If there's not, I'd love to start a self-study/social group that could get together to socialize and practice different patterns. Or maybe we could get in our practice here in RAK during the week and then go into Dubai and hit the clubs as a group.

I used to teach these styles back in the US so I can teach up to a good intermediate level.... for free of course. I just love dancing. Plus, I have lots of great instructional videos I could share and there's also plenty of good videos we could learn from on YouTube. 

Dancing is pretty much the primary thing I do for fun...when I can find partners and spots to do it in. It would be great if we could find a hangout that would let up bring our own music on evenings during the week....or weekend.

Regards,
Art


----------



## saraswat (Apr 28, 2012)

Hi ! I'm going to move your post over to the UAE part of the forum, as it primarily concerns RAK. 

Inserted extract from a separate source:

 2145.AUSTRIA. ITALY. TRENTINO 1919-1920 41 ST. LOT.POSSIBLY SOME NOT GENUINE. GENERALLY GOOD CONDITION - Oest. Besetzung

There used to be a salsa night with classes etc at the Hilton hotel, but that was a while back, not sure if that's still going on....


----------



## earthworm88 (Jun 14, 2013)

Hi wanderingsalsero, 

You could try to post your inquiry on the RAK expats on Google group for more feedback or suggestion. You will also find some dance studios in there as well. 

https://groups.google.com/forum/#!forum/rak-expats 

Cheers!


----------



## saraswat (Apr 28, 2012)

earthworm88 said:


> Hi wanderingsalsero,
> 
> You could try to post your inquiry on the RAK expats on Google group for more feedback or suggestion. You will also find some dance studios in there as well.
> 
> ...


Wonderful, after having spent 3 years in RAK, I find out about this now ! Only problem is, I moved to Dubai this past week ... ironical no?? lol


----------



## earthworm88 (Jun 14, 2013)

saraswat said:


> Wonderful, after having spent 3 years in RAK, I find out about this now ! Only problem is, I moved to Dubai this past week ... ironical no?? lol


Saraswat, don't tell me you had decided to leave the peaceful RAK to join the rat race down the road?  

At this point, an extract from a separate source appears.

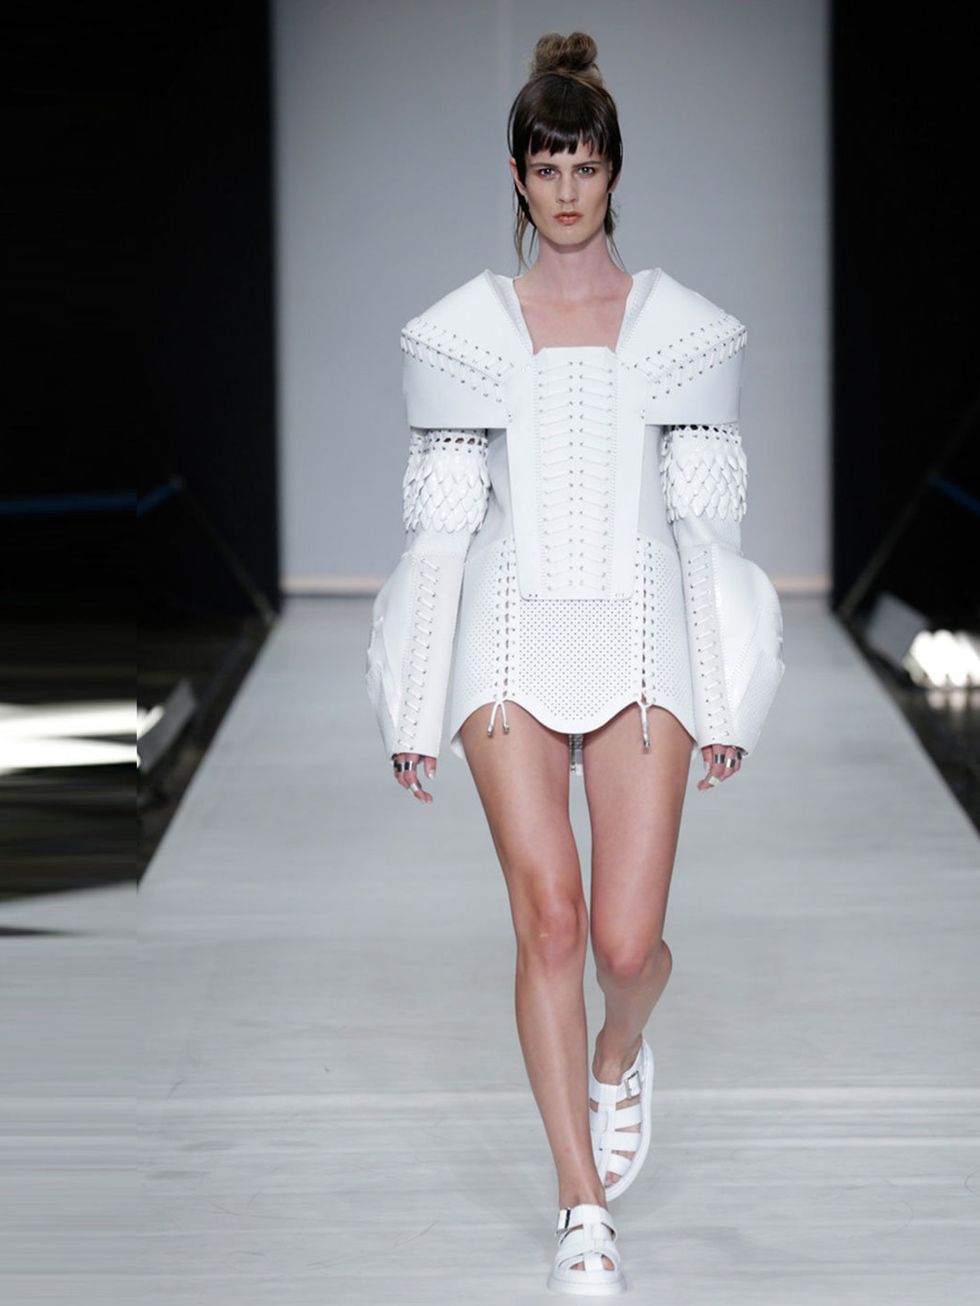 <p><a href="http://www.annesofiemadsen.com">Anne Sofie Madsen</a></p><p>Anne Sofie Madsen knows how to push boundaries. We loved her motorcycle pants and frilled white leather dresses, marveled at the origami-esq structure of the jackets and came to the c

Anyways, enjoy your new home in Dubai and don't get stuck in traffic often 

Cheers!


----------



## saraswat (Apr 28, 2012)

earthworm88 said:


> Saraswat, don't tell me you had decided to leave the peaceful RAK to join the rat race down the road?
> 
> Anyways, enjoy your new home in Dubai and don't get stuck in traffic often
> 
> Cheers!


Hey buddy! Saw your post late. Yeah tell me about it !! Really missing that peace and quiet, but Dubai's where I ended up. 

Still come down to RAK often enough, to relax


----------